* [About this exercise] Each line of the listing must be transcribed exactly, except for the images, which should be excluded.

-- Input data follows --

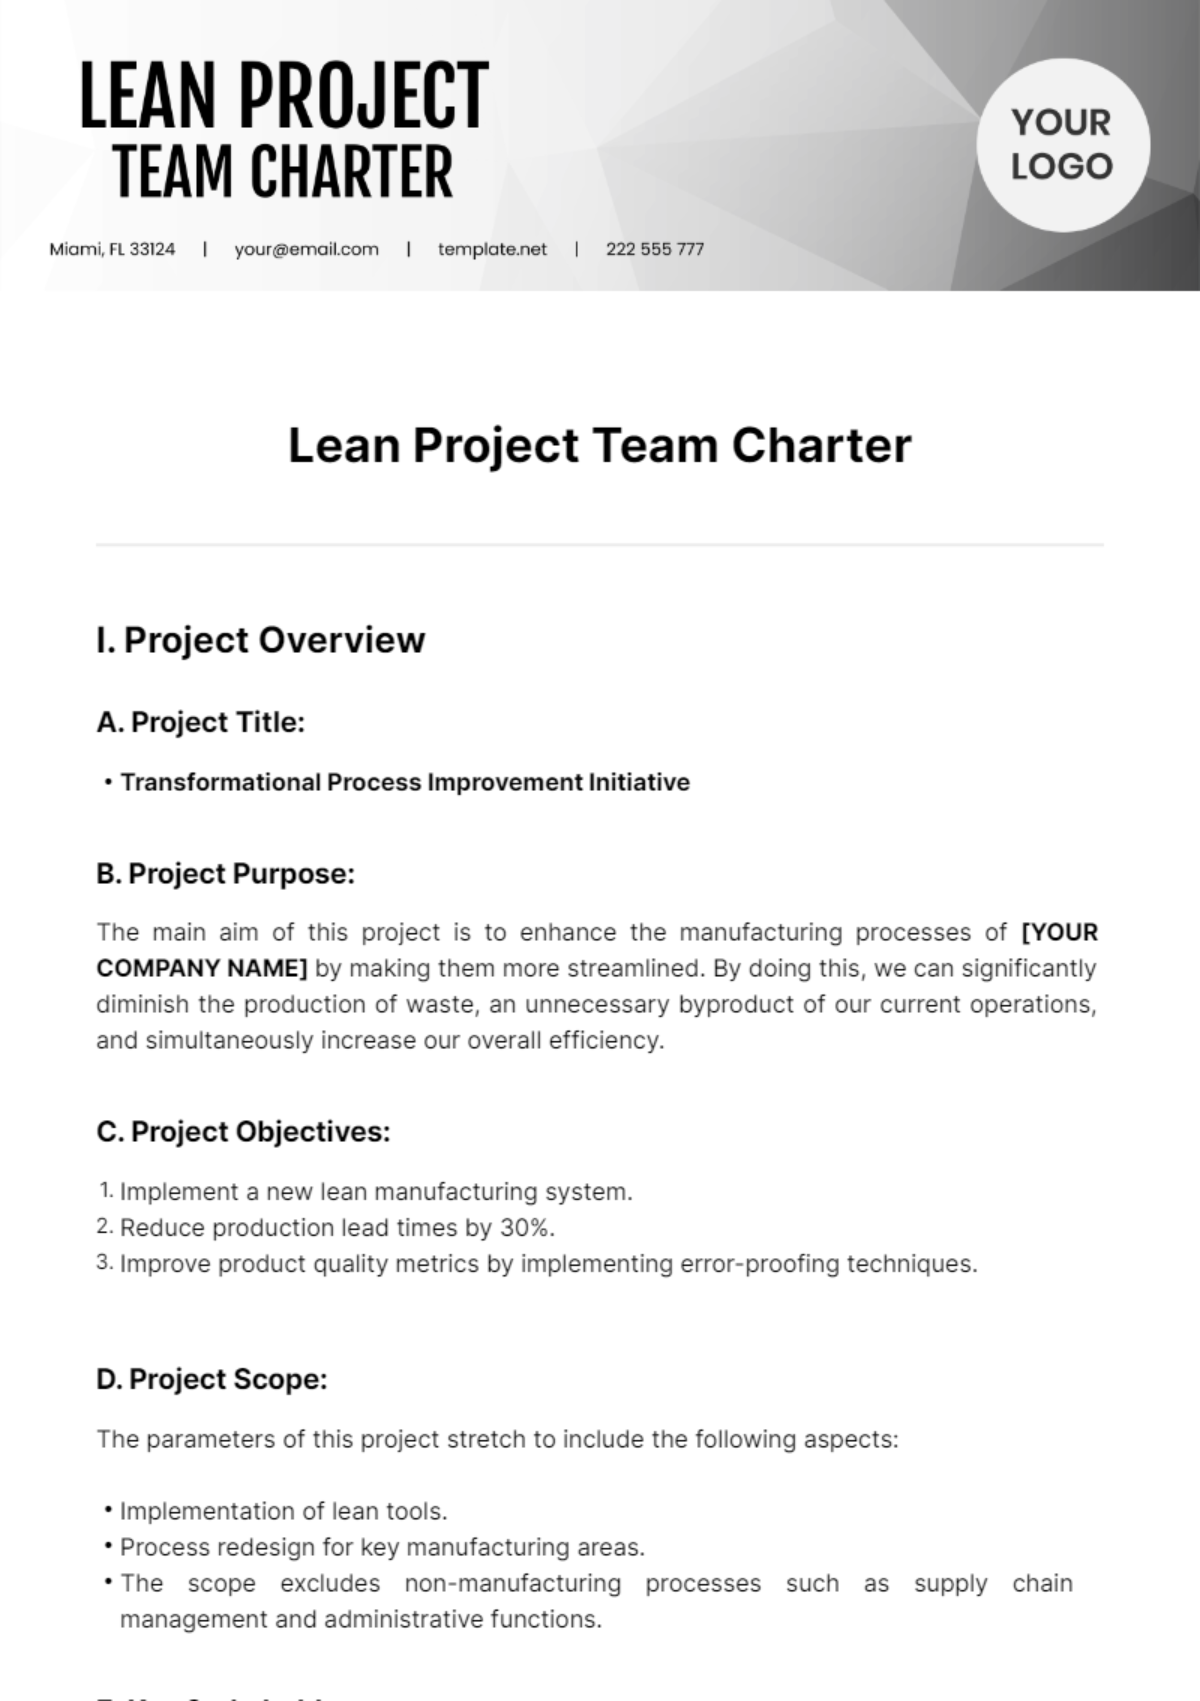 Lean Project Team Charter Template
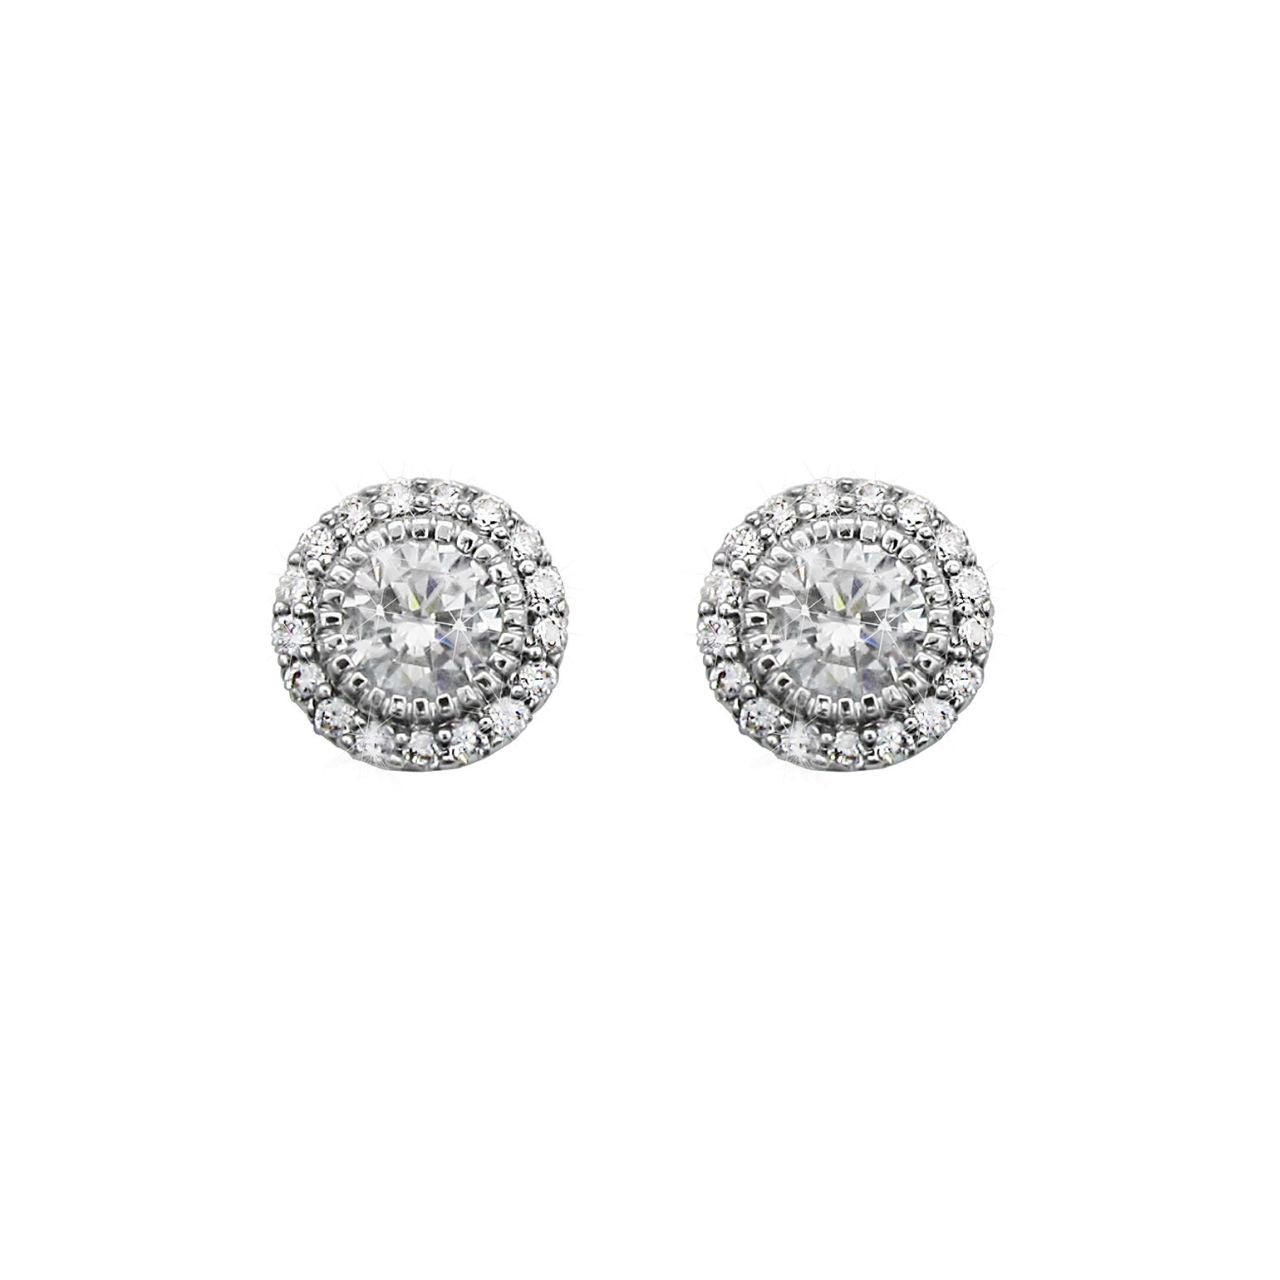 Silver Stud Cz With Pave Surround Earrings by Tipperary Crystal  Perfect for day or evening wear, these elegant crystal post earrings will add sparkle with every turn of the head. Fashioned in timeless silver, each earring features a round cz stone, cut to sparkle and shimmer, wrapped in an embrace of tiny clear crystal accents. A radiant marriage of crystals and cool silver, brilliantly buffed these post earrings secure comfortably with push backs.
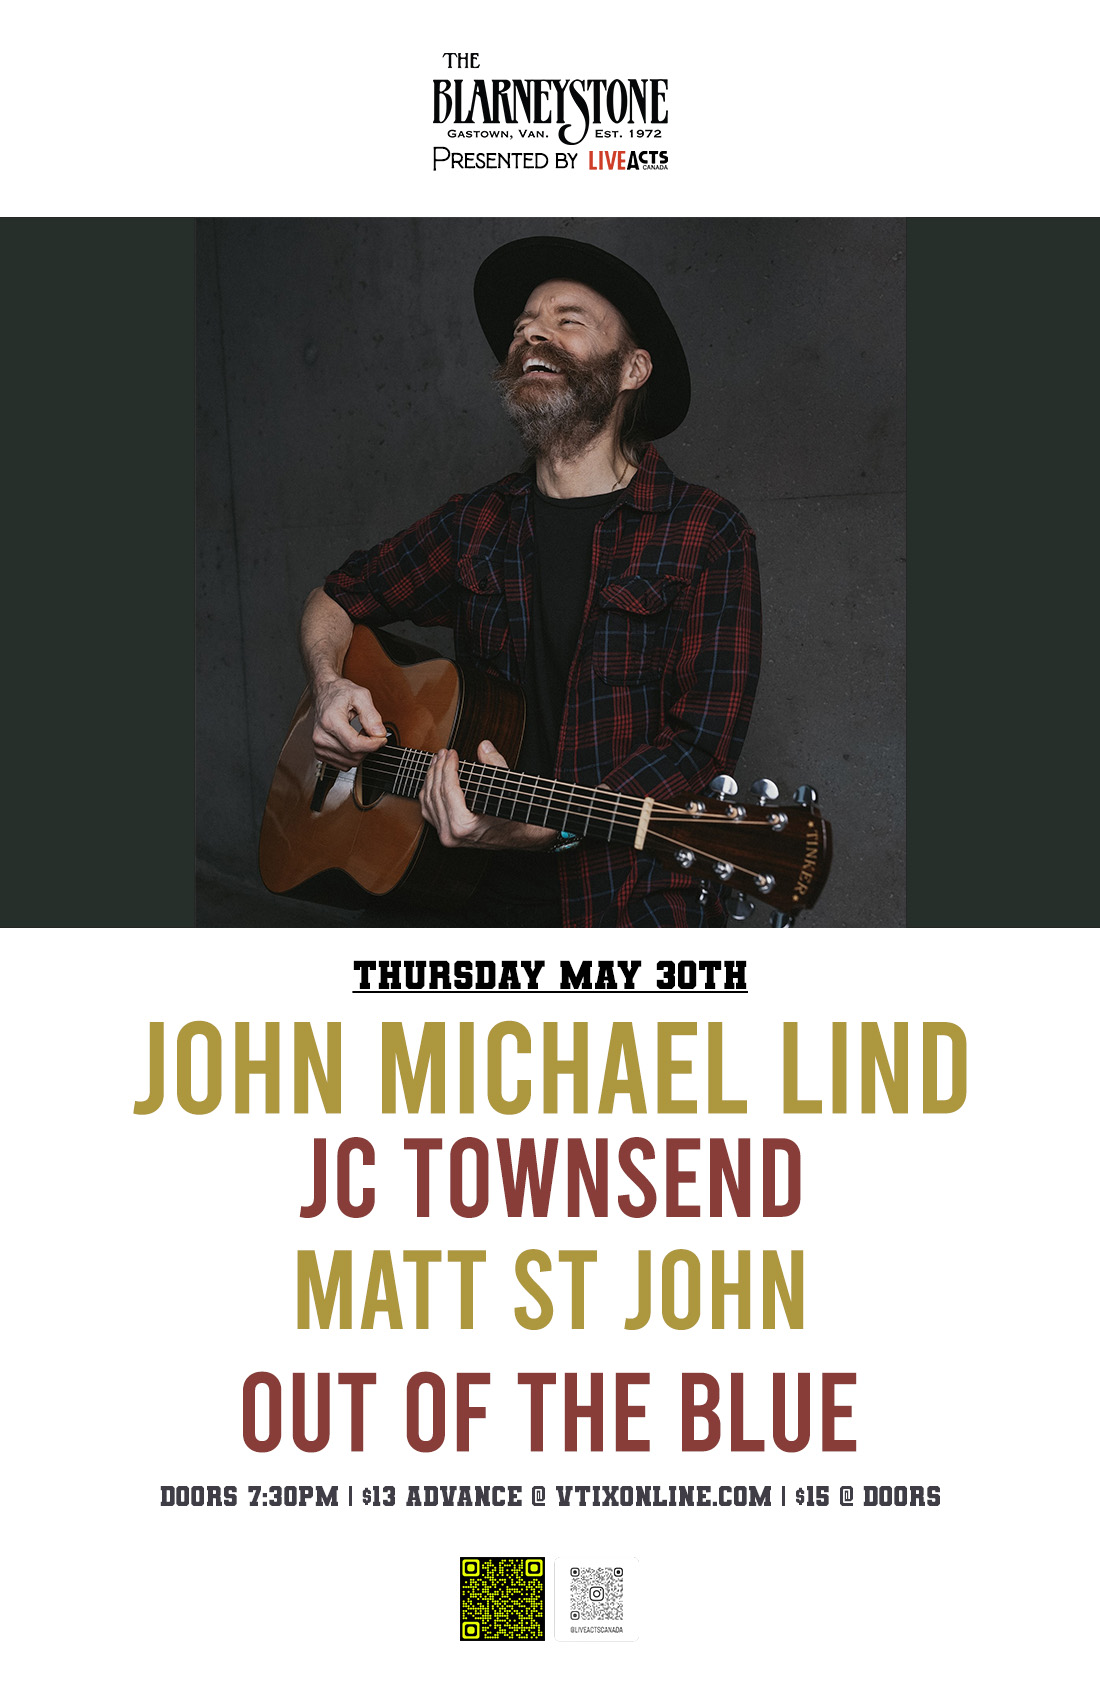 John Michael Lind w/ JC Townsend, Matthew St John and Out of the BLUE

-- Input data concluded --

* [Answer for this exercise]
 Lean Project Team Charter Template
 Silver Stud Cz With Pave Surround Earrings by Tipperary Crystal  Perfect for day or evening wear, these elegant crystal post earrings will add sparkle with every turn of the head. Fashioned in timeless silver, each earring features a round cz stone, cut to sparkle and shimmer, wrapped in an embrace of tiny clear crystal accents. A radiant marriage of crystals and cool silver, brilliantly buffed these post earrings secure comfortably with push backs.
 John Michael Lind w/ JC Townsend, Matthew St John and Out of the BLUE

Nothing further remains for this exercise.